Когда лошадиный овод кладет яйца на ногах или у лопаток лошади, он как будто бы знает, что его личинка разовьется в желудке лошади, которая переносит ее зародыш, вылизывая себя, в свой пищевод. Когда некоторые перепончатокрылые (парализаторы) поражают свою жертву как раз в тех местах, где находятся нервные центры, не убивая ее, а только делая неподвижной, то они действуют, как ученый энтомолог и вместе с тем как ловкий хирург. В особенности же поучителен маленький навозный жук, о котором рассказывают столько историй. Этот жук кладет яйца у входа в подземную галерею, вырываемую одним видом пчел, антофорами. Личинка жука очень долго подстерегает самца антофора при выходе из галереи, садится на него и сидит до «свадебного полета»; во время этого полета она улучает момент, чтобы перебраться с самца на самку, и затем спокойно ожидает, пока та снесет яйца. Тогда она перебирается на яйцо, служащее ей опорой среди меда, в несколько дней съедает яйцо и устраивается в его скорлупе, где и подвергается первому превращению. Устроившись так, чтобы двигаться среди меда, она питается им и превращается в куколку и, наконец, в настоящее насекомое. Все происходит таким образом, как будто бы личинка навозного жука с момента своего появления на свет уже знает, что самец антофоры первый выйдет из галереи, что во время свадебного полета она сумеет перебраться на самку, что эта последняя проведет ее в свою кладовую, где она будет питаться во время превращений, что она понемногу съест яйцо антофоры ради питания и поддержания себя на поверхности меда, а также для уничтожения соперника, который вышел бы из яйца. Все происходит здесь так, как будто жуку заранее известно, что его личинка будет знать все это. Если здесь и можно говорить о познании, то только как о намеке. Оно выражается во внешних точных действиях, а не обращается вовнутрь, в сознание.

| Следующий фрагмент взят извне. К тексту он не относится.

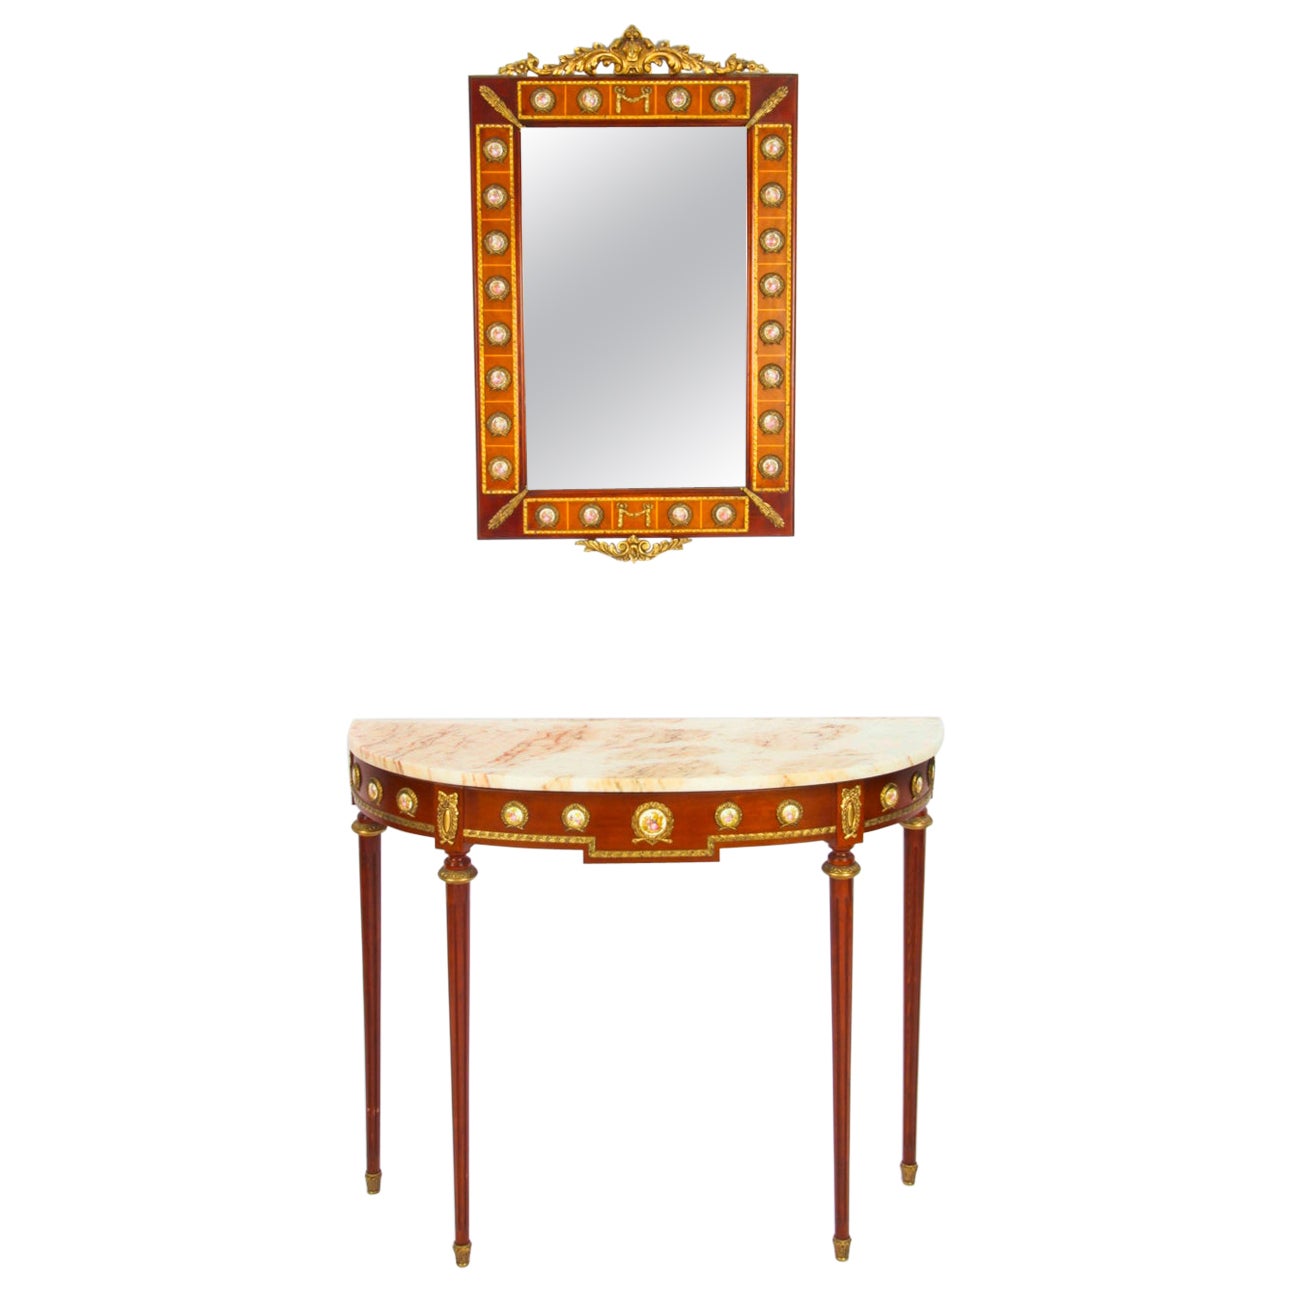 Vintage Ormolu & Porcelain Mounted Console Table & Mirror by Epstein 20th C

И все же поведение насекомого указывает на представление об определенных вещах, существующих и происходящих в определенных точках пространства и времени, известных насекомому без предварительного познавания их.
Если мы рассмотрим теперь с той же точки зрения наш интеллект, мы найдем, что и он знает некоторые вещи без предварительного познавания их. Но это знание совсем иного порядка. Мы не будем возобновлять здесь старый спор философов относительно врожденных идей. Мы укажем только пункт, относительно которого все согласны, а именно, что ребенок непосредственно понимает вещи, которые совершенно недоступны животному, так что в этом смысле интеллект, как и инстинкт, представляет наследственную, следовательно, врожденную функцию. Но этот врожденный интеллект, будучи способностью познавать, однако не знает в отдельности никакого определенного предмета. Когда новорожденный ищет в первый раз грудь кормилицы, показывая тем самым, что он имеет знание (разумеется, бессознательное) о никогда не виденной им вещи, в этих случаях говорят, что так как врожденное знание представляет здесь знание об определенном предмете, то дело идет не об интеллекте, а об инстинкте. Интеллект не приносит врожденных знаний о каком-либо предмете. Но раз он ничего не знает от природы, значит в нем нет ничего врожденного. Что же тогда он может знать, если он не знает никаких вещей?
Но рядом с вещами существуют отношения. Новорожденный ребенок не знает, в смысле сознательного знания, ни определенных предметов, ни определенных свойств какого-либо предмета; но в один прекрасный день, когда при нем применят эпитет по отношению к какому-нибудь существительному, он тотчас же понимает, что это значит. Он от природы понимает отношение определения к подлежащему. То же можно сказать о всеобщем соотношении, выражаемом глаголом; оно так непосредственно понятно уму, что язык прямо подразумевает его, как это бывает в первобытных языках, не имеющих глаголов. Точно так же интеллект от природы применяет отношение между равными величинами, между содержащим и содержимым, причиной и следствием и так далее; все это заключается в каждом предложении, где есть подлежащее, определение и глагол, явный или подразумеваемый. Можно ли, однако, сказать, что интеллект имеет врожденное знание каждого из этих отношений в отдельности? Дело логики установить, являются ли эти отношения неразложимыми или их можно разложить на еще более общие отношения. Но как бы мы ни производили анализ нашей мысли, мы всегда придем к одной или нескольким всеобщим категориям, знание которых врожденно уму, ибо он от природы употребляет их. Итак, рассматривая познание, прирожденное инстинкту и интеллекту, мы найдем, что познание, прирожденное инстинкту, относится к вещам, а прирожденное интеллекту – к отношениям.